## Task item
Transcribe the entries below exactly, starting with the line that has "Success - Business Concept Stock Photo" and stopping after the line that has "Dog, Springer Spaniel, Bronze - Figurine Urn"; no pictures belong in the copy.

## Provided entries
--------------------------------------------------

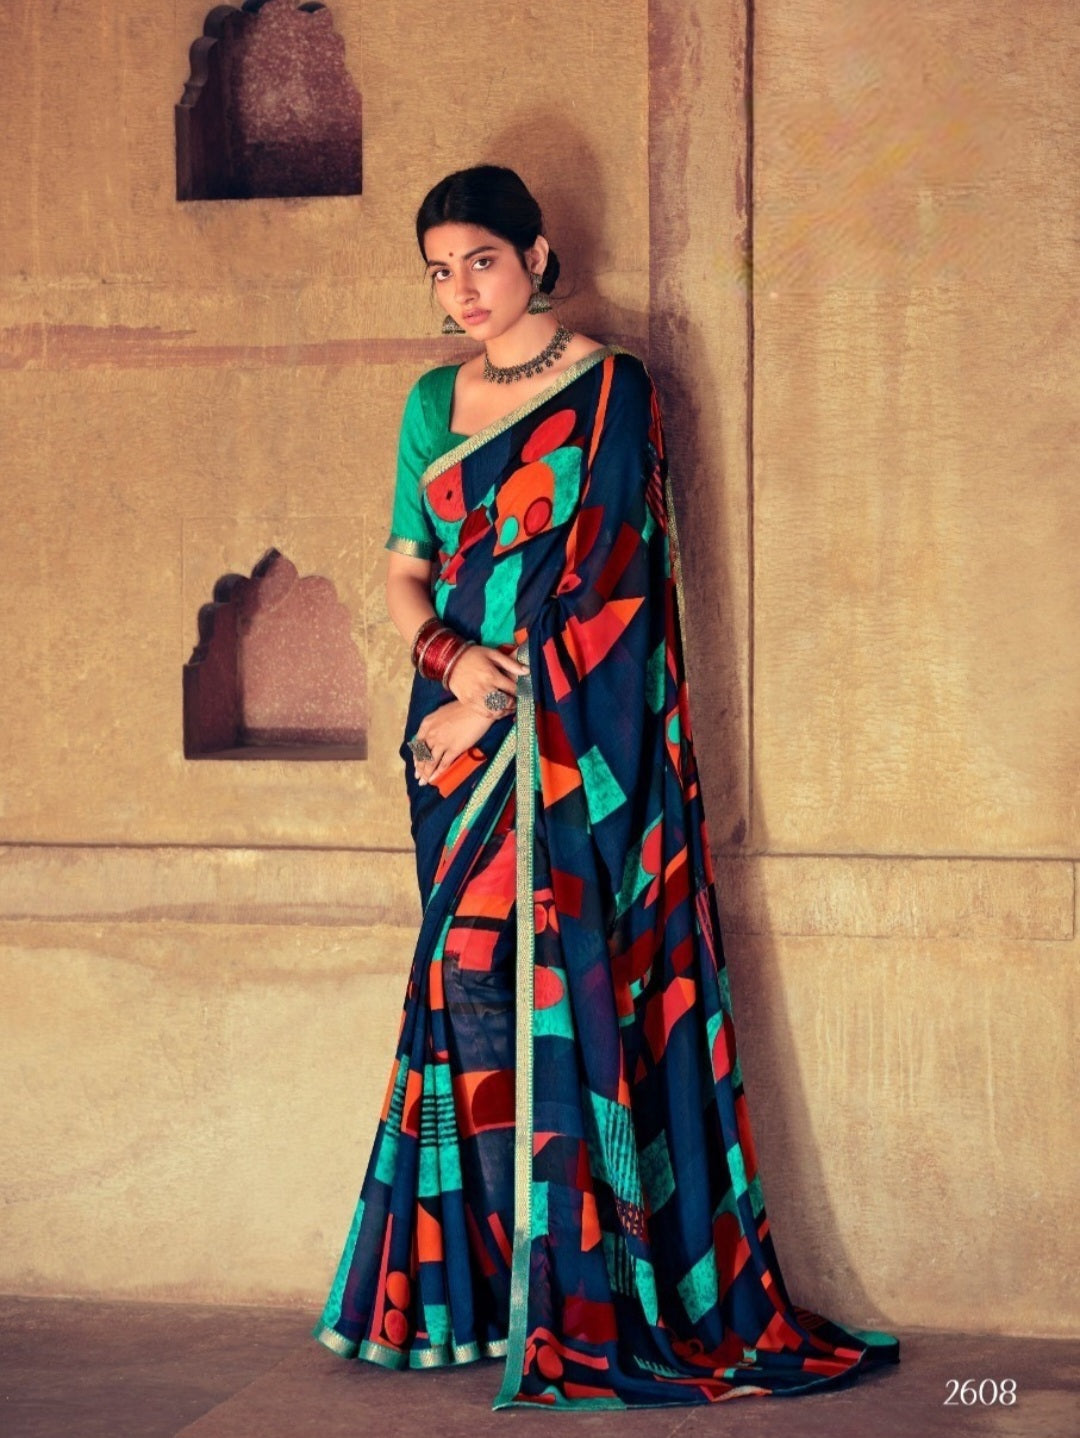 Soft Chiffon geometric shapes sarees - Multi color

--------------------------------------------------

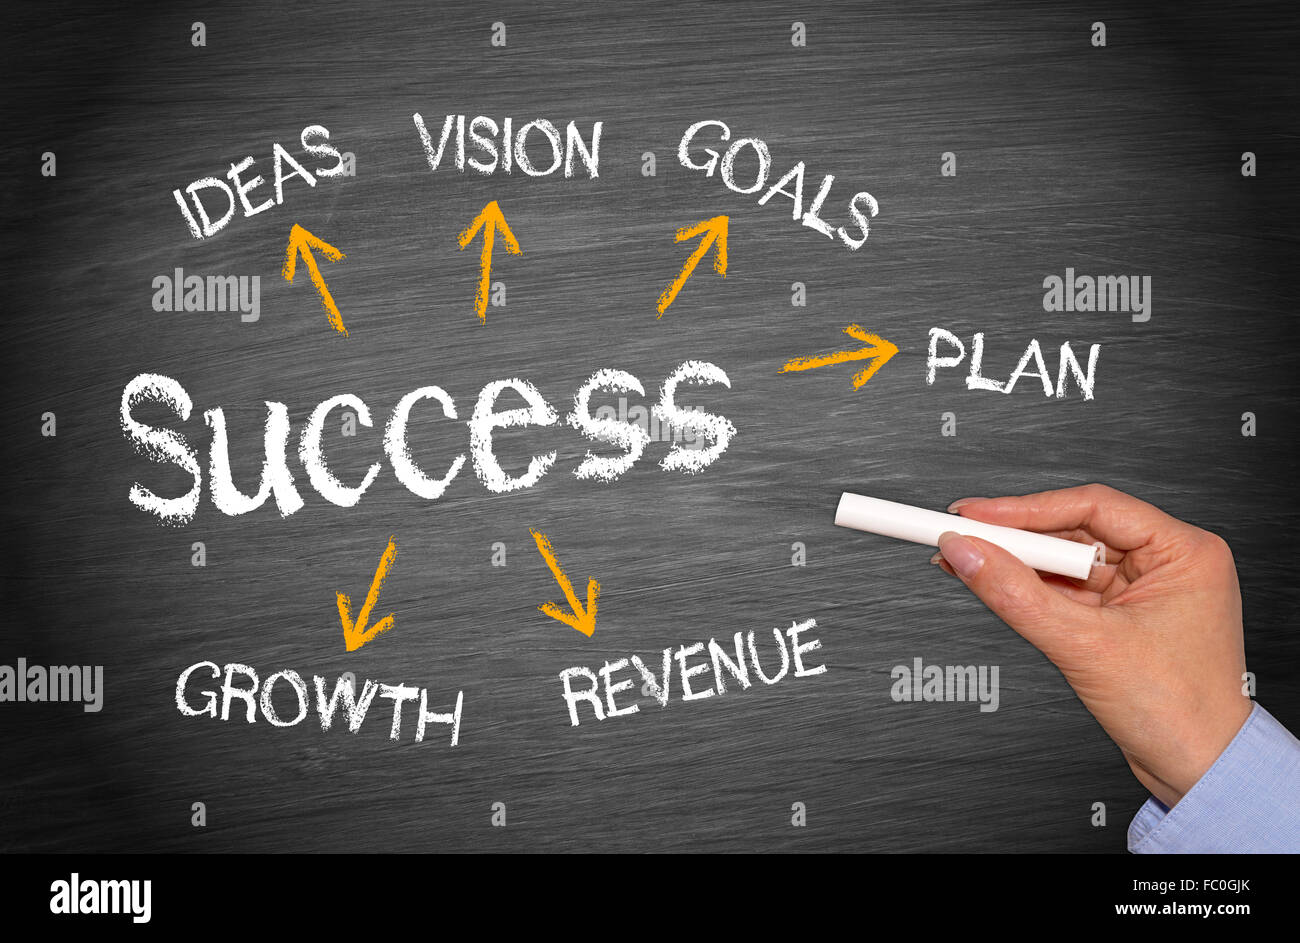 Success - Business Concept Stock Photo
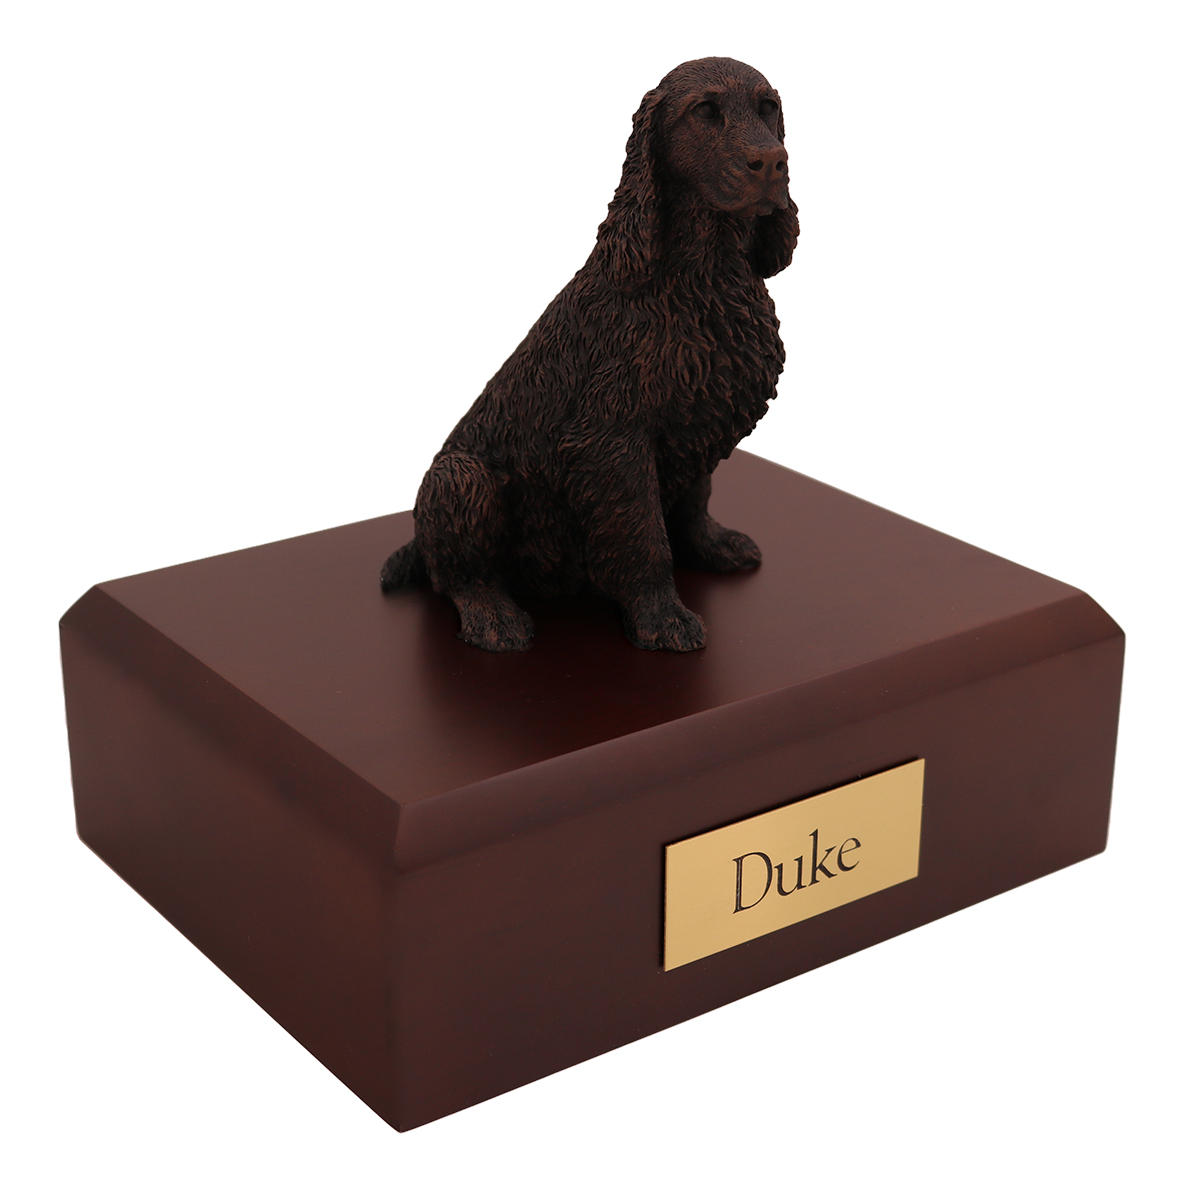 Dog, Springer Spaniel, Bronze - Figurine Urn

--------------------------------------------------

## Problem solution
 Success - Business Concept Stock Photo
 Dog, Springer Spaniel, Bronze - Figurine Urn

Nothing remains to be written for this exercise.